If \(A^TA\) is invertible (i.e., columns of \(A\) are linearly independent), the least-squares solution is \begin {equation} x = (A^TA)^{-1}A^Tb \end {equation} where \(x\) minimizes the squared error.

For example, let’s say we want to fit a line \(y=ax+b\) through noisy data points. For exam point \(i\) we have that \begin {equation*} ax_i+b = y_i. \end {equation*} Stacking for \(N\) points, \begin {equation*} \begin {bmatrix} x_1 & 1 \\ x_2 & 1 \\ \vdots & \vdots \\ x_N & 1 \end {bmatrix} \begin {bmatrix} a \\ b \\ \end {bmatrix} = \begin {bmatrix} y_1 \\ y_2 \\ \vdots \\ y_N \end {bmatrix}. \end {equation*} That’s \(Ax=b\). The normal equation is \begin {equation*} A^TA \begin {bmatrix} a \\ b \\ \end {bmatrix} = A^Tb \end {equation*} which yields the classic least-squares line fit.

8 ME and RDO

ME can be designed to minimize the distortion \(D\) of the residues after using the MCT (Motion Compensated Transform), or to minimize the lagrangian \begin {equation} J = R + \lambda D, \end {equation} which also takes into consideration the bit-rate \(R\). Notice, however, that in this case the computation of the motion information is also determined by the bit-rate achieved by the entropy coding of the motion data and the residues.

Notice that, in general, \(D\) will decrease if the “motion part” of \(R\) increases. However, if the motion information can be infered by the decoder, \(R\) will be only affected by the entropy encoding of the residues. On the other hand, when the motion information is infered at the decoder, this information will be less accurate that if we use all the visual information avaiable at the encoder.

9 Matching criteria

10 References

[1]   A. Dosovitskiy, P. Fischer, E. Ilg, P. Hausser, C. Hazirbas, V. Golkov, P. Van Der Smagt, D. Cremers, and T. Brox. FlowNet: Learning Optical Flow with Convolutional Networks. In Proceedings of the IEEE international conference on computer vision, pages 2758–2766, 2015.

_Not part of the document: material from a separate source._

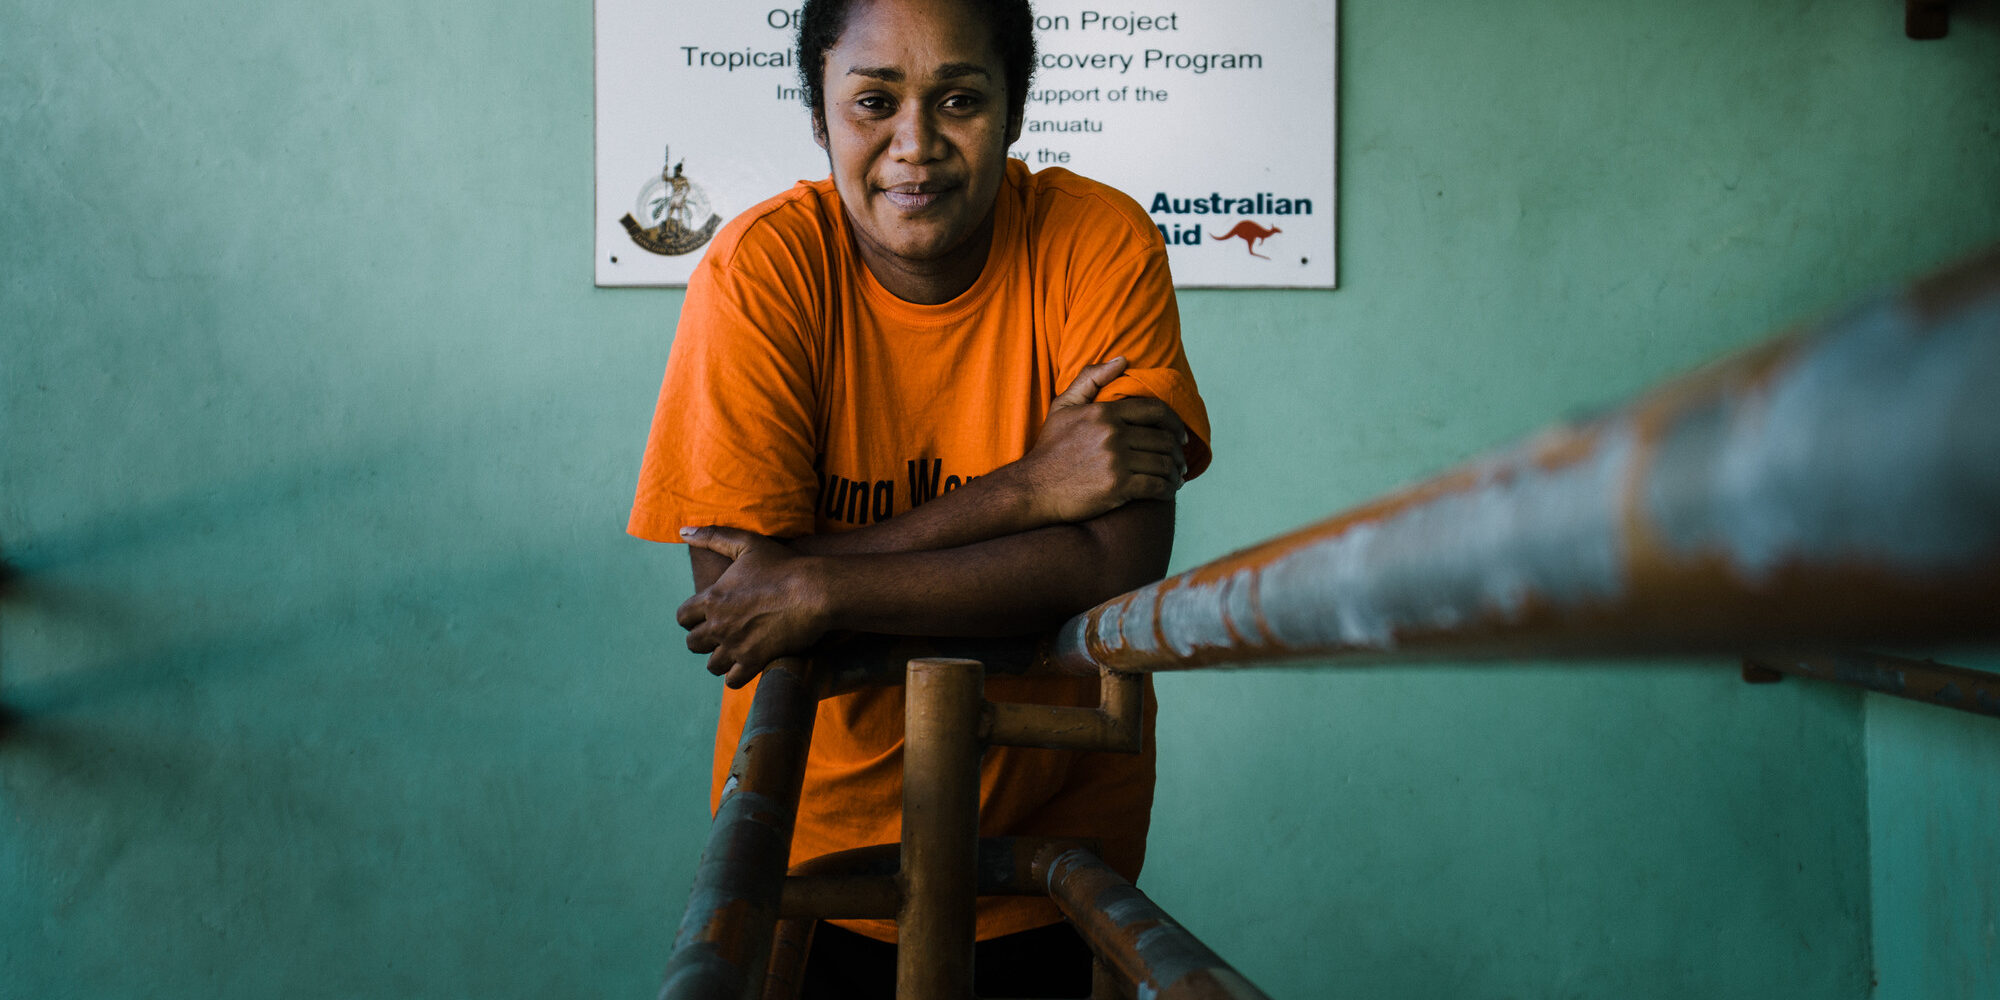 <p>Title:&nbsp;The Vanuatu Photo Project: Meet Talula &amp; Louisa&nbsp;</p>  <p>Summary:&nbsp;&quot;Include me, include all of us.&quot;&nbsp;</p>  <p>Author:&nbsp;By&nbsp;Talula, 2020-21 Young Women&#039;s Leadership Program graduate who manages the local business Eliane Passion Sewing and Designs&nbsp;</p>  <p>Link to story on care.org:&nbsp;&nbsp;<a href="https://www.care.org/news-and-stories/culture/the-vanuatu-photo-project-meet-talula-louisa/" rel="noreferrer noopener" target="_blank">https://www.care.org/news-and-stories/culture/the-vanuatu-photo-project-meet-talula-louisa/</a>&nbsp;</p>  <p>&nbsp;</p>  <p>Louisa, 30,&nbsp;grew up in the lovely settlement of&nbsp;Melemaat&nbsp;in Vanuatu with three brothers,&nbsp;and cousins&nbsp;who visited&nbsp;regularly.&nbsp;</p>  <p>For ten years, her mother was the caretaker of the Vanuatu Society for People with Disability,&nbsp;so while growing up,&nbsp;Louisa and her siblings&nbsp;interacted with many people&nbsp;who used the society&rsquo;s services. This sparked&nbsp;a&nbsp;desire&nbsp;in her&nbsp;to work with youth and children with&nbsp;disabilities.&nbsp;</p>  <p>For the&nbsp;past six years,&nbsp;Louisa&nbsp;has been the Housemaster at&nbsp;Onesua&nbsp;Presbyterian College.&nbsp;She explained,&nbsp;&ldquo;This job allows&nbsp;me to educate both boys and girls on how to take responsibility,&nbsp;look&nbsp;after their dorms, be on kitchen duty, help&nbsp;serve&nbsp;meals, wash their own clothes and participate in school activities.&rdquo; She&nbsp;also helps&nbsp;develop their&nbsp;public speaking&nbsp;skills to build confidence.&nbsp;&nbsp;</p>  <p>Through her work,&nbsp;Louisa&nbsp;realised&nbsp;she&nbsp;enjoys supporting and working with children&nbsp;with&nbsp;disabilities. She has&nbsp;observed&nbsp;how&nbsp;teachers handle&nbsp;children with disabilities in&nbsp;the classroom&nbsp;and reflected on incidents she has witnessed. Louisa&nbsp;shared a story about&nbsp;a young boy&nbsp;who&nbsp;was&nbsp;teased because of&nbsp;his disability,&nbsp;sometimes to the point where&nbsp;he&nbsp;would come home and tell his mother that he doesn&rsquo;t want to go to school anymore.&nbsp;Louisa&nbsp;is outraged by&nbsp;such unfair and mean-spirited&nbsp;treatment. She&nbsp;exclaimed,&nbsp;&ldquo;Where is the equality in that? Instead of helping him,&nbsp;they turned against him!&rdquo; She feels&nbsp;that discrimination is even worse between children of the same gender.&nbsp;Louisa&nbsp;spoke&nbsp;of&nbsp;an incident she witnessed&nbsp;involving&nbsp;a girl&nbsp;with a disability&nbsp;being physically harassed on a bus by a group of other girls.&nbsp;&ldquo;Where exactly is the love and equality in that?&rdquo; Louisa&nbsp;demanded.&nbsp;</p>  <p>As she was starting to&nbsp;recognise&nbsp;this&nbsp;interest in working with young people with disabilities, she heard about CARE&rsquo;s Young Women&rsquo;s Leadership Program&nbsp;(YWLP).&nbsp;Louisa&nbsp;was particularly interested in learning to better support women and girls with&nbsp;disabilities&nbsp;who&nbsp;face&nbsp;violence and discrimination&nbsp;because of their disability.&nbsp;&ldquo;Before, I was a leader but didn&rsquo;t know exactly what I was doing,&rdquo; she&nbsp;said.&nbsp;&nbsp;</p>  <p>She felt that throughout&nbsp;the YWLP,&nbsp;and especially after graduating in 2021,&nbsp;she had found her way from the darkness into the light. The program has&nbsp;empowered and&nbsp;supported her in becoming who she aspires to be and is&nbsp;inspiring others to become the best versions&nbsp;of themselves.&nbsp;&nbsp;</p>  <p>Regardless of the obstacles,&nbsp;achieving&nbsp;gender equality within the disability community is&nbsp;essential&nbsp;to&nbsp;combatting&nbsp;violence against&nbsp;all&nbsp;women and girls. Louisa stands by this&nbsp;Bislama&nbsp;mantra,&nbsp;&ldquo;Inkludim&nbsp;mi,&nbsp;mo&nbsp;inkludim&nbsp;yumi&nbsp;everiwan&rdquo; which&nbsp;translates to&nbsp;&ldquo;Include me, and include all of us.&rdquo;&nbsp;A&nbsp;reminder that we all count and that should always lead the way.&nbsp;&nbsp;</p>  <p>The Vanuatu Young Women&#039;s Leadership Program (YWLP) is implemented by CARE in Vanuatu with the generous support of the AustralianGovernment. The YWLP is a12-month program which promotes the leadership of young women so they can take action to promote gender equality and eliminate violence against women and young girls in Vanuatu. Over&nbsp;eighty&nbsp;young women aged 18 to 30, including women with disabilities and diverse gender identities, have graduated from the program since it started in 2017. These graduates are now using the knowledge, skills and confidence strengthened through the YWLP to&nbsp;realise&nbsp;gender equality in their families, communities and across Vanuatu. All the young women featured in these stories, and&nbsp;those who captured their photographs and stories,&nbsp;are YWLP graduates.&nbsp;</p>

[2]   G. Farnebäck. Two-Frame Motion Estimation Based on Polynomial Expansion. In Scandinavian conference on Image analysis, pages 363–370. Springer, 2003.

[3]   V. González-Ruiz. Motion Compensated Temporal Filtering (MCTF).

[4]   B.K.P. Horn and B.G. Schunck. Determining Optical Flow. In Techniques and Applications of Image Understanding, volume 281, pages 319–331. International Society for Optics and Photonics, 1981.

[5]   M.T. Orchard and G.J. Sullivan. Overlapped Block Motion Compensation: An Estimation-Theoretic Approach. IEEE Transactions on Image Processing, 3(5):693–699, 1994.

[6]   Kamisetty Ramamohan Rao and Jae Jeong Hwang. Techniques and standards for image, video, and audio coding, volume 70. Prentice Hall New Jersey, 1996.

[7]   S. Zhu and K.-K. Ma. A New Diamond Search Algorithm for Fast Block-Matching Motion Estimation. IEEE transactions on Image Processing, 9(2):287–290, 2000.

1For example, in the MPEG-1 standard, the reference image/s is/are divided in blocks of \(16\times 16\) pixels called macroblocks.

2This means that, even if the images are visually identical, they have different representation, and therefore, \({\mathbf E}\ne {\mathbf 0}\).

3This operation implies a filtering to avoid the aliasing after the downsampling.